Quality Framework

Commit Readiness Gates (11)

All pass before committing:

Active acceptance test passes (not skipped, not ignored)
All unit tests pass
All integration tests pass
All other enabled tests pass
Code formatting validation passes
Static analysis passes
Build validation passes (all projects)
No test skips in execution (ignores OK during progressive implementation)
Test count within behavior budget
No mocks inside hexagon
Business language in tests verified

Note: Reviewer approval (formerly Gate 12) and Testing Theater detection (formerly Gate 13) enforced at deliver-level Phase 4 (Adversarial Review via /nw-review), not per step.

Quality Gates by Category

Architecture: all layers touched | integration points validated | stack proven E2E | pipeline functional
Implementation: real functionality (not placeholders) | automated pipeline | happy path coverage | production patterns
Business Value: meaningful user value | testable AC | measurable success metrics
Real Data: golden masters present | edge cases tested | no silent errors | API assumptions documented
Test Integrity: every test falsifiable | behavioral assertions only | no circular verification | no mock-dominated tests | no assertion-free tests | no fixture theater (see below)

Testing Theater Pattern 8: Fixture Theater

Definition: Acceptance tests pass because test fixtures create the expected end-state directly, rather than exercising production code through the driving port. Tests verify the correct outcome from the WRONG source.

Detection: After GREEN phase, run git diff --name-only. If files_to_modify from the roadmap step have NO changes but tests flipped from RED to GREEN, this is Fixture Theater. The test fixtures are implementing the feature, not production code.

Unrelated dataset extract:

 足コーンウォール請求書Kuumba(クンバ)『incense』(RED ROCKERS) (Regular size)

Litmus test: Delete the new production code (or revert production files to pre-GREEN state). If tests still pass, it's Fixture Theater.

Prevention:

Post-GREEN wiring check: every file in files_to_modify MUST appear in git diff
Acceptance test Given steps set up PRECONDITIONS, never the expected end-state
If git diff --stat shows only test files changed after GREEN, BLOCK the COMMIT

Extension Justification (Mandate against Parallel Implementations)

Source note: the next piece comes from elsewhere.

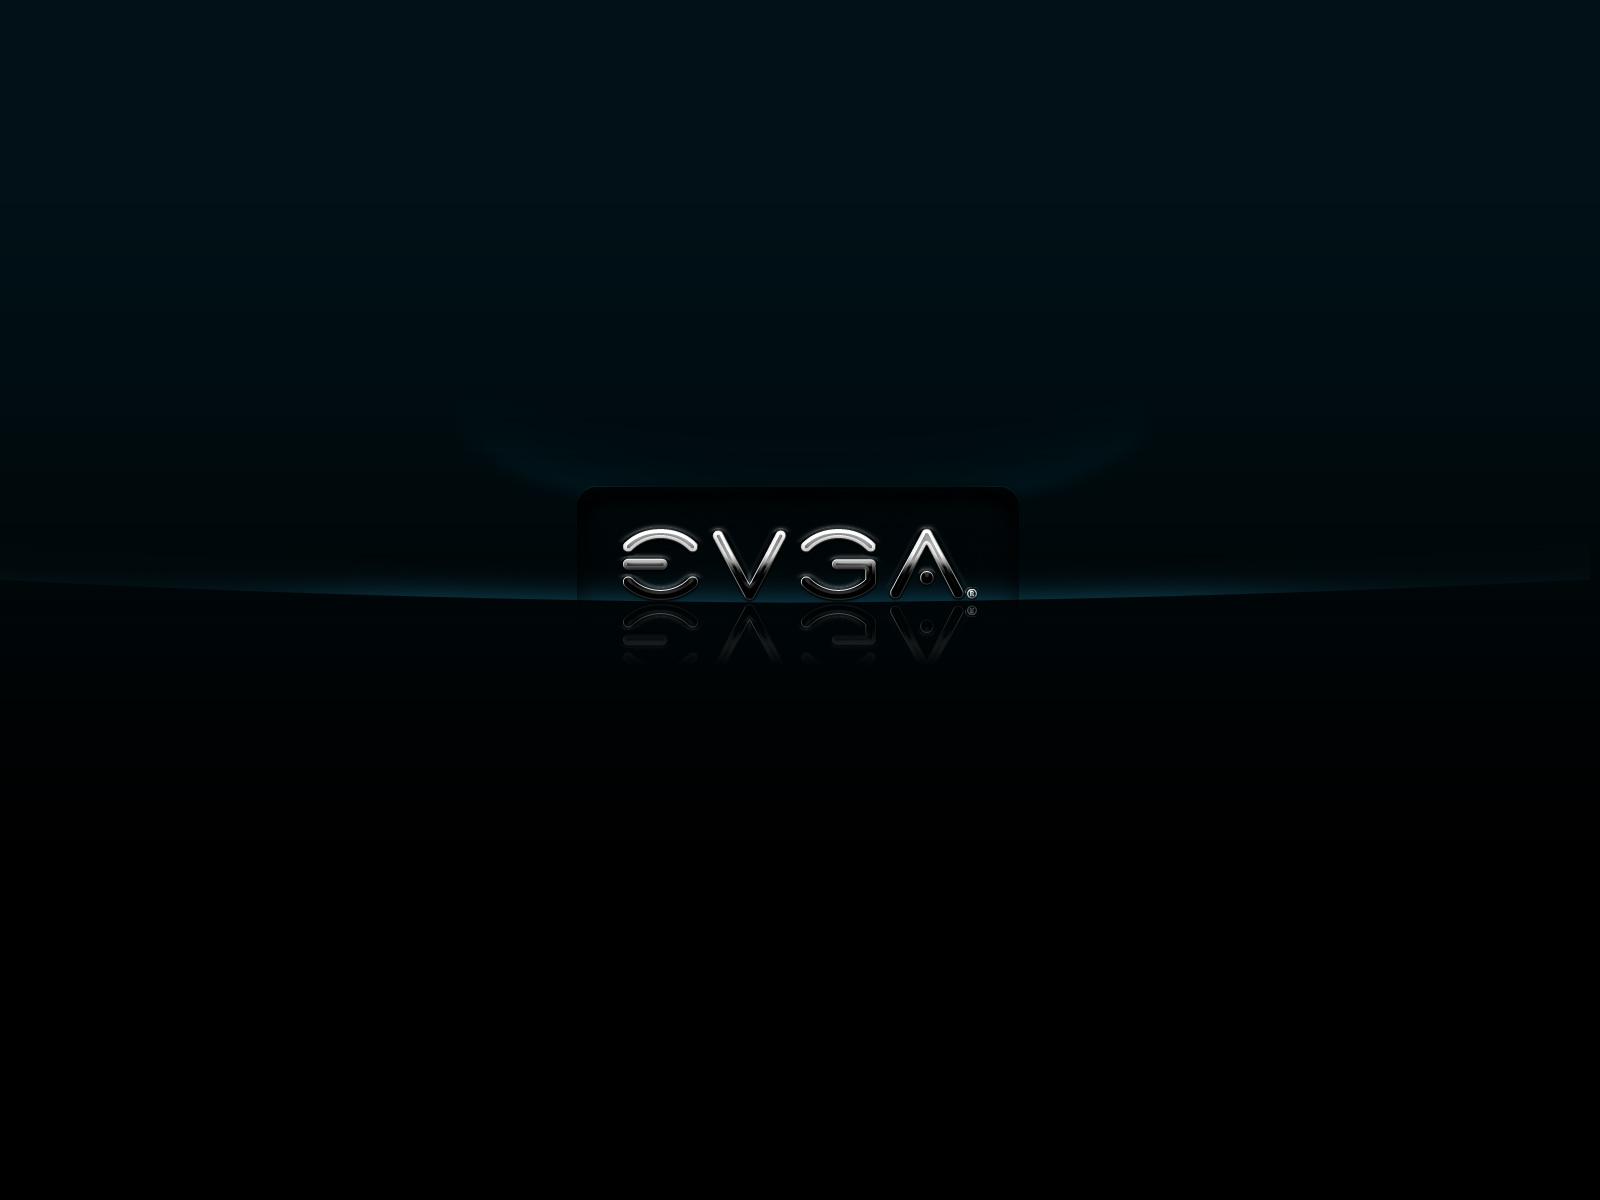 Evga Wallpapers Android - Wickedsa com

Provenance: 2026-05-02, RCA docs/analysis/rca-systematic-duplication-despite-design.md. Outcomes-registry catches duplicate outcomes (same input/output contract). It does NOT catch the failure mode where a NEW outcome is genuinely different but should have extended an existing component instead of being shipped as a parallel implementation in a new file.

This rule is language-agnostic: it applies to any source file regardless of host language. Examples in this section use multiple languages to underscore that.

Rule: before creating a NEW source file under a path that already contains ≥1 file in the same role/layer, the crafter MUST emit an Extension Justification block. The block has exactly four lines:

WHY-NEW-FILE: <relative-path-of-new-file>
  CLOSEST-EXISTING: <relative-path-of-the-most-similar-existing-file>
  EXTENSION-COST: <one sentence on what extending CLOSEST-EXISTING would require>
  PARALLEL-RATIONALE: <one sentence on why a separate file is justified instead>

Trigger: applies when ANY of these are true for the proposed new file:

The parent directory exists and has ≥1 sibling file in the same architectural role (e.g. new domain/rules/e3b_cherry_pick.<ext> when e3_non_empty.<ext> exists; or new internal/handlers/login.go when signup.go exists; or new src/services/Email.cs when Sms.cs exists)
The new file's dependency surface (top imports / use / require / using / include / import) overlaps an existing sibling by ≥50%
The new file's primary class/function naming follows a sibling pattern (E3Rule ↔ E3bRule, LoginHandler ↔ SignupHandler, EmailService ↔ SmsService, PgRepository ↔ MysqlRepository)

Not triggered when:

Parent directory is empty (greenfield — no extension candidate exists)
The new file is a language-mandated boilerplate marker with no behavior of its own — examples by language: Python __init__.py / conftest.py; Go doc.go; Rust mod.rs; TypeScript index.ts re-export shim; Ruby version.rb; Java/Kotlin empty package-info.java. The rule of thumb: if removing the file's contents (keeping the empty file) leaves the package importable, it is a marker — not a component.
The new file is in a path explicitly listed in the DESIGN wave's component table with rationale already captured

Enforcement: the crafter's PREPARE phase MUST inventory existing files in <target-path>/ before producing the first file-write. If the inventory is non-empty for a target path AND the new file is not a marker per the exclusion above, the Extension Justification block is mandatory before each new-file write. Reviewer agents flag missing blocks as a HIGH severity finding.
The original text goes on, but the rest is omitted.